Thursday, August 5, 2010

Exporting

I have discussed how to import data into SAS from SPSS and Excel files, but what about when a user wishes to get the data out of SAS into another file format.  Exporting data is one of those times I really love SAS and the tools/wizards they provide.   Let’s start with the SAS Export Wizard.
The Export wizard:
                File -> Export Data…
Here you can see the Export Wizard is open and ready for you to select the file.  In the Library drop down menu, you simply select the library location, and the “member” is the file name.  In this example I would be exporting the SAS dataset “DATA” from the “WORK” library.
One thing you may quickly notice is the extensive list of file formats available to you by SAS.  A few include:  Excel, comma/tab delimited, JMP, SPSS, ect.  That is right SPSS!  I find it interesting that SAS will let users export straight into SPSS, and it works, but you can’t export an SPSS file into SAS without issues.
The final step after selecting the file format is to find the final folder destination of the data.  Once the destination is selected, you will assign a table name and hit FINISH, which will complete your export.
Simple, right? 
*************************************************************************************            
Option 2.  SAS Macro
When explaining how to import Excel files, I discussed the positives and negatives of using these macros for importing/exporting.  The only reason I use these macros is when importing the data, making quick changes, and exporting the data.  I won’t utilize this macro for my day to day exporting, but if I’m making summary variables or mean/mode/median imputations, this is the easiest way.
%macro expo (data=);
PROC EXPORT DATA= WORK.data
            OUTFILE= "C:\folder\datasets\Updated\&data"
            DBMS=EXCEL LABEL REPLACE;
     NEWFILE=YES;
RUN;
%mend;

*The first line creates a macro called “expo” where we are going to use the macro to define “data”.
The macro utilizes PROC EXPORT and states the data is in the work library and is called “data”.  Second note, I created a new file folder called “Updated”, so the data didn’t just overwrite the old data in the folder from where you imported the data.
DBMS=Excel, tells SAS it will be exporting the data as an Excel file with the labels printed instead of the names. ;

%mend;
*closes the macro.;
*The final step is calling the macro;

%expo(data=file);
This statement exports the SAS dataset as “file” into the folder on your drive specified in the macro statement.
These are just two of the forms of exporting data I use most often, but again, there are many ways to export. 
Cheers!

Tuesday, August 3, 2010

Excel Import

There are many options when importing Excel files, but today I will go over the three options I most commonly utilize.  These three options will move from easiest to hardest, but this doesn’t mean least to most useful.  The real benefit of SAS over some other programs is the flexibility it provides in all aspects of data management, including simple data importation.

The three options:
1.)    Import excel through SAS’s import wizard.
2.)    Import excel through code
3.)    Import excel through a macro
****************************************************************************
OPTION 1:
When importing excel through SAS’s import wizard I would always have the excel file saved in the ’97 – 2003 format, SAS hasn’t quite caught up to Excel 2007. 

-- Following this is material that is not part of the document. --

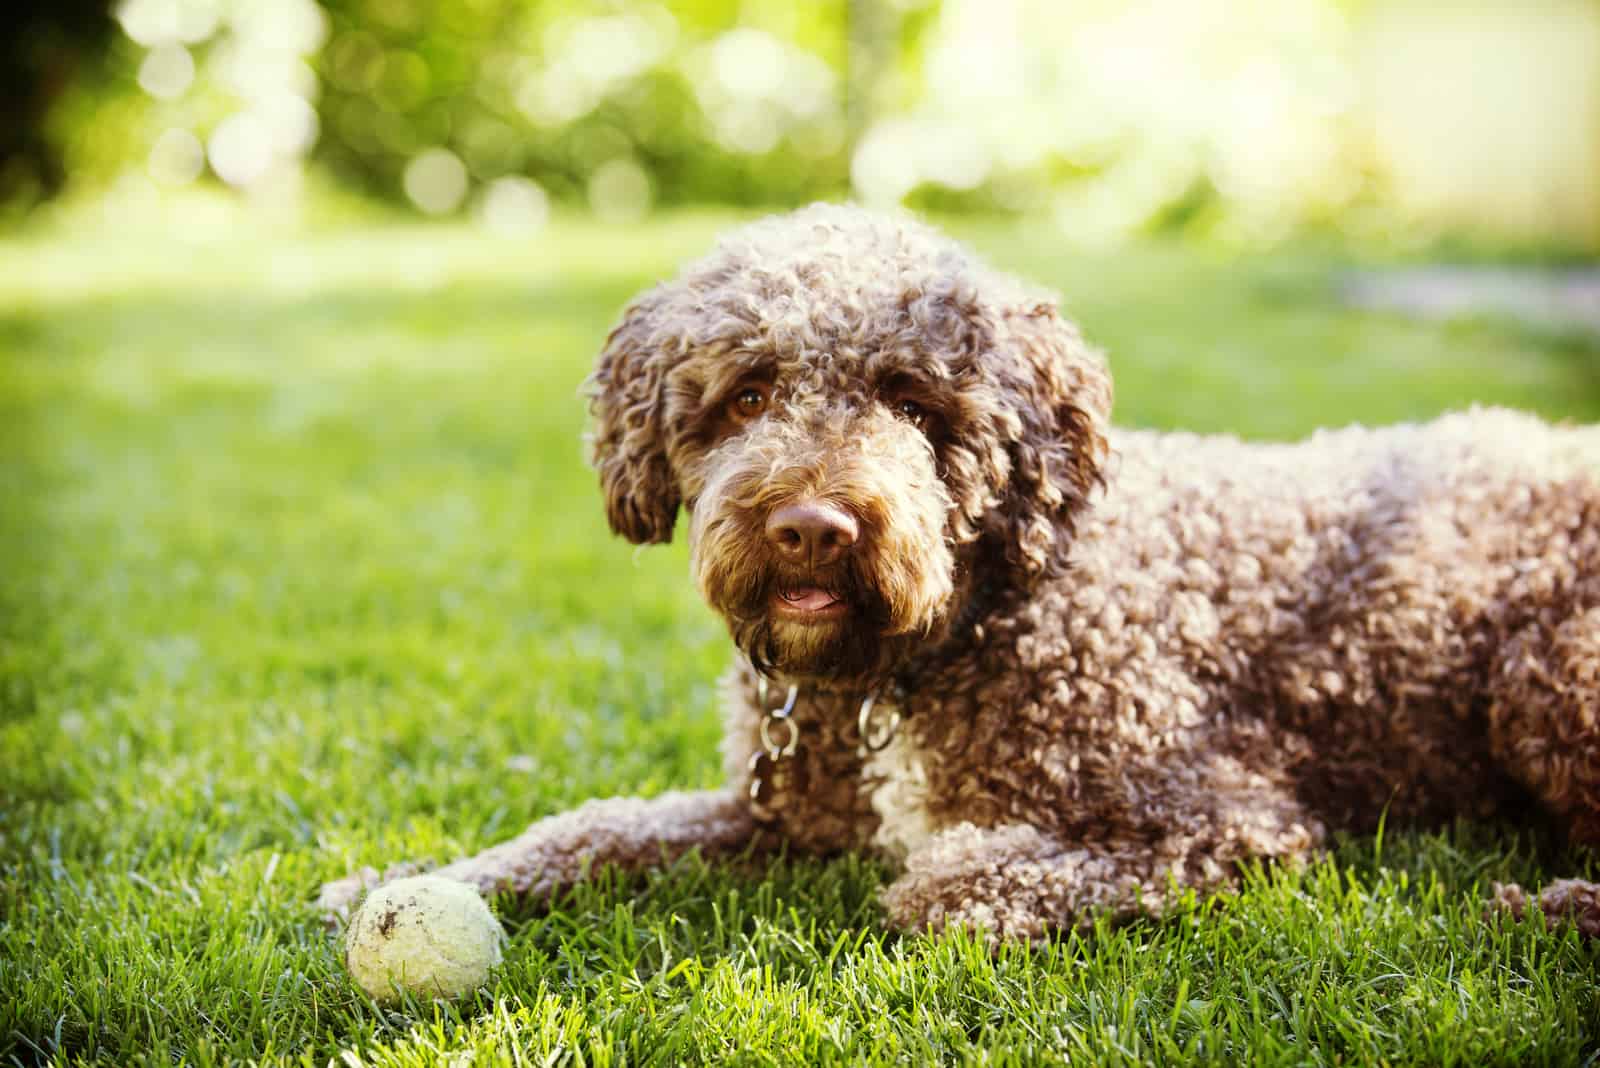 lagotto romagnolo dog lying on grass with white ball

Once in SAS, go to File-> Import Data… 

This opens the Import Wizard.  The default is “Standard Data Source” with “Microsoft Excel 97/2000/2002/2003 Workbook” in the drop down menu, click “Next” once you verify everything is correct.
 Hit “Browse…” to find the dataset you’re looking to import and click “OK”.

The next screen asks you to select the table you are importing.  This is the table in the original excel file where your data is saved.  Click “Next” once you have selected the correct table.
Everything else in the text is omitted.